WORK REQUIRED: Your answer should hold only the line containing "Edytorial fashion, modelka" and each line that follows it in the listing, copied exactly.

RECORD EXTRACTS:

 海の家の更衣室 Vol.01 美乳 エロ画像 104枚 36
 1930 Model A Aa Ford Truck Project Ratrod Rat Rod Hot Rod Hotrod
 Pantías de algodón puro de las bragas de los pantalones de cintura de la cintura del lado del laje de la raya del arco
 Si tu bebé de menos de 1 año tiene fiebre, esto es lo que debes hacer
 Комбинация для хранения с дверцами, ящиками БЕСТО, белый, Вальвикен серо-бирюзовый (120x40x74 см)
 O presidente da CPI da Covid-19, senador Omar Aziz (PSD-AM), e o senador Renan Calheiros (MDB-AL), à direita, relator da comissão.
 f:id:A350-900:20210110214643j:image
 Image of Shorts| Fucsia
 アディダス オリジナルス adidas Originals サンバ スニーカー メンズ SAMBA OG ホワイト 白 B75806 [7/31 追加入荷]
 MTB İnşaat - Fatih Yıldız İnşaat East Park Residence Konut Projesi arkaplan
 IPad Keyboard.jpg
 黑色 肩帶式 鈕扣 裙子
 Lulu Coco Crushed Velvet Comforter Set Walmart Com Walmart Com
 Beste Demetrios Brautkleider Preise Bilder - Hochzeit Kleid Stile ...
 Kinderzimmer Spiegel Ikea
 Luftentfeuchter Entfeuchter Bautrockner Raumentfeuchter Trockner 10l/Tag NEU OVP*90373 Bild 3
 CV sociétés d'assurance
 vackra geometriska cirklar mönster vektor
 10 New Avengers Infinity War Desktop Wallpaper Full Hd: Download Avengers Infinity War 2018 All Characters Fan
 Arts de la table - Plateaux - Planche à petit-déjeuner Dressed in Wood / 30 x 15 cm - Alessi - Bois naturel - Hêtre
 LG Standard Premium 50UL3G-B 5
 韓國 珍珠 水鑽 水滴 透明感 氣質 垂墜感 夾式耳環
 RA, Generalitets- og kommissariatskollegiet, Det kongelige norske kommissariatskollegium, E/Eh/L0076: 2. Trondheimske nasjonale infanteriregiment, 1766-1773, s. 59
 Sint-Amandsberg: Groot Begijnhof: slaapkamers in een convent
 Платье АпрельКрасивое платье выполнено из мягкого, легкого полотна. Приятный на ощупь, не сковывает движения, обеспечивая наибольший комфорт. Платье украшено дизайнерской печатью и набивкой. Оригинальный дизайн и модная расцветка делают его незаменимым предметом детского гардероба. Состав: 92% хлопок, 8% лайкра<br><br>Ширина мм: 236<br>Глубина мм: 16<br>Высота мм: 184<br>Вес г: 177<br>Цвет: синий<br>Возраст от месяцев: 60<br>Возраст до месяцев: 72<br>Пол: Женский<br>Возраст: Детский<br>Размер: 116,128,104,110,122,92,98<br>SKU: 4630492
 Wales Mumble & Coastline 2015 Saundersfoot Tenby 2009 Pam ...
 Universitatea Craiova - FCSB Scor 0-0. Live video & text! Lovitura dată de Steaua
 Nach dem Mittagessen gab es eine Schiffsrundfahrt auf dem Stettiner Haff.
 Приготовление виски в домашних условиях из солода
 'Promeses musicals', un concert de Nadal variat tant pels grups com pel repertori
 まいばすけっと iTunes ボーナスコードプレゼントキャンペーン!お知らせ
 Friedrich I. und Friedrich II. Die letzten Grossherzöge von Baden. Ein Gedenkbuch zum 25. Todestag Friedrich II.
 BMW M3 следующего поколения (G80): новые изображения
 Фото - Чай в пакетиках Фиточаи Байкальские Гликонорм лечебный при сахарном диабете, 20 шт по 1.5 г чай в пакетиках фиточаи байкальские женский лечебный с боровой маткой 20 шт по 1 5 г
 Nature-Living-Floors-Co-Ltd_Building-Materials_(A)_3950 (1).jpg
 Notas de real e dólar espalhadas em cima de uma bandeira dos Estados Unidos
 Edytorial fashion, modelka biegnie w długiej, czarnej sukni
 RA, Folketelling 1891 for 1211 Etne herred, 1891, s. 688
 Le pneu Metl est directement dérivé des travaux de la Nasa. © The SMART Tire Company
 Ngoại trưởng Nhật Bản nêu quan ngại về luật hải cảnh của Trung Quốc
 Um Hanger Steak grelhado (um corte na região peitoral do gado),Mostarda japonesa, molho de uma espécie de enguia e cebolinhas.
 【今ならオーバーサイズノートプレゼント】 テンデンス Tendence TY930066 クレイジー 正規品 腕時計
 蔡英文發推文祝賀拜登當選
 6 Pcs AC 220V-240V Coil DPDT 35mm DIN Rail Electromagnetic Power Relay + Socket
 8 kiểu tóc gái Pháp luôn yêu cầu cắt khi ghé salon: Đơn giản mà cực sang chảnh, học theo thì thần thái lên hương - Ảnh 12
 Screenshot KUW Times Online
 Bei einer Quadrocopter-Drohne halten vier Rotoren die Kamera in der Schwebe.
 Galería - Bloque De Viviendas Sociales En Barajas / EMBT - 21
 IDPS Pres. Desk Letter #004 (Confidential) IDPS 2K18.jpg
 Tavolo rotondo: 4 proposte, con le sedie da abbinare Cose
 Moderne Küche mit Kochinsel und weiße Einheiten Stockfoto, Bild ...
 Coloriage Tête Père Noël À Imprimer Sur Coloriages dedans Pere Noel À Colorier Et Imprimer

FINAL ANSWER:
 Edytorial fashion, modelka biegnie w długiej, czarnej sukni
 RA, Folketelling 1891 for 1211 Etne herred, 1891, s. 688
 Le pneu Metl est directement dérivé des travaux de la Nasa. © The SMART Tire Company
 Ngoại trưởng Nhật Bản nêu quan ngại về luật hải cảnh của Trung Quốc
 Um Hanger Steak grelhado (um corte na região peitoral do gado),Mostarda japonesa, molho de uma espécie de enguia e cebolinhas.
 【今ならオーバーサイズノートプレゼント】 テンデンス Tendence TY930066 クレイジー 正規品 腕時計
 蔡英文發推文祝賀拜登當選
 6 Pcs AC 220V-240V Coil DPDT 35mm DIN Rail Electromagnetic Power Relay + Socket
 8 kiểu tóc gái Pháp luôn yêu cầu cắt khi ghé salon: Đơn giản mà cực sang chảnh, học theo thì thần thái lên hương - Ảnh 12
 Screenshot KUW Times Online
 Bei einer Quadrocopter-Drohne halten vier Rotoren die Kamera in der Schwebe.
 Galería - Bloque De Viviendas Sociales En Barajas / EMBT - 21
 IDPS Pres. Desk Letter #004 (Confidential) IDPS 2K18.jpg
 Tavolo rotondo: 4 proposte, con le sedie da abbinare Cose
 Moderne Küche mit Kochinsel und weiße Einheiten Stockfoto, Bild ...
 Coloriage Tête Père Noël À Imprimer Sur Coloriages dedans Pere Noel À Colorier Et Imprimer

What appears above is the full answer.